Reader Question: Rest Times, Part II

I received a question about my previous post concerning rest times, and realized that since I'm on a very restful rest day, and since the answer could benefit quite a few people, it made sense to post it as a follow up to that post.

Rob said...


This post hits on something I have been debating. When performing 4x4's or any type of interval training I always question what my rest interval should be.

Most resources I see suggest a rest time equal to climbing time. I feel like this ends up hitting more on overall endurance and not power endurance.

Over the last few years I have been increasing rest periods for interval training so that I get higher quality sets. By taking a 5 minute rest vs. a 2 minute rest I see a large improvement with the difficulty of problems that I can do. I understand that this is not supposed to be about performance, but doesn’t the extra performance (quality of each set) translate into more power endurance gains? What are your considerations when setting rest time for power endurance intervals?



Actually Rob, my answer to this is pretty simple. You're exactly right that the quality of the set is the most important aspect of it.  There is one good way to decide exactly how the architecture of your intervals should look:  Specificity.  Of course, this assumes that you have something fairly specific that you're training for.  If you do, half the battle is already won.  It goes like this...

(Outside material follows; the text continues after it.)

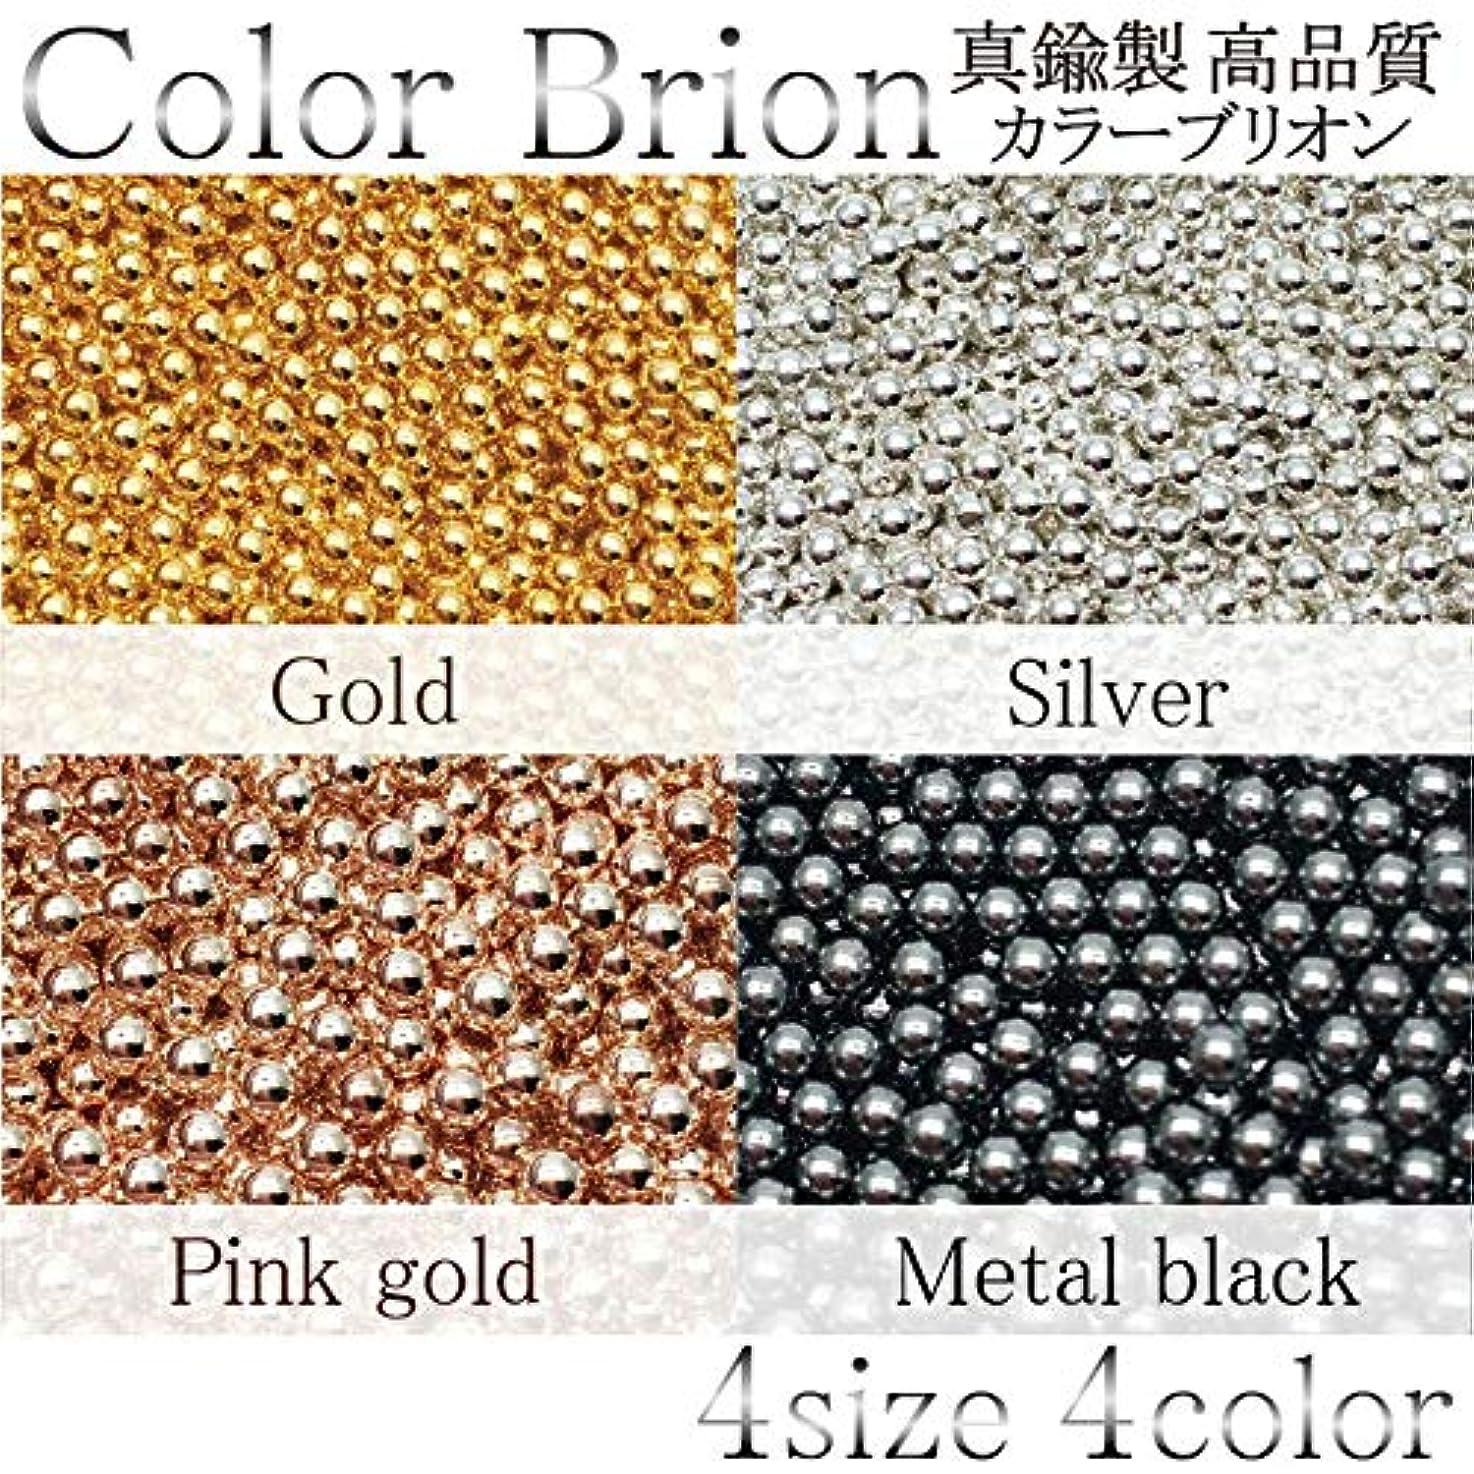 最大通り抜ける魔術師真鍮製 高品質 カラーブリオン 各種 4色 (約3mm(約6g), 2.シルバー)

I usually climb in the Red River Gorge, where any moves that are remotely difficult are most often separated by a great rest that can be milked for as long as you so desire.  In turn, most of the interval training I do for the RRG involves moderately difficult problems of more hand movements coupled with longer rests.  If the rests on my current RRG project are on a steep wall, then maybe I don't rest on the ground at all, but on an enormous jug and giant feet at a steep angle. 

In getting ready for this trip to the Wild Iris, I upped the difficulty of the problems, reduced the number of moves, and made the rests as short as possible while still able to nearly complete the difficult problems I had chosen.  Reason is, the clip-ups at the Wild Iris are short, fierce, and don't offer much opportunity to recover.  Not only that, but they are at a much higher altitude than I'm used to (9000 feet), so getting a little winded and staying anaerobic seemed to be a pretty good idea.   However, since one set of the 4x4 is approximately the length of a route at the Iris, when I needed to up the rest a little to get in that quality time on the wall, I didn't hesitate to do it.

Now, if you don't have a specific project in mind, or even a general style of climbing that you'll be focusing on, then it's a little tougher to choose your weapon.  In this case, my advice would be to mix it up.  For this phase, do your 4x4's with longer rest.  Next time, reduce the difficulty of the problems such that you need less rest between sets.  This way, your body isn't falling into the trap of learning one pace, at one distance, for a specific difficulty, and with a specific recovery time.  If you don't have a very specific goal, then why not just get better all around? 

Rob, I hope this helps.  In short, you're on the right track.  Quality over quantity all day long, just be sure to switch it up now and then, and if you've got your sights set on something specific, then be sure to train with it in mind.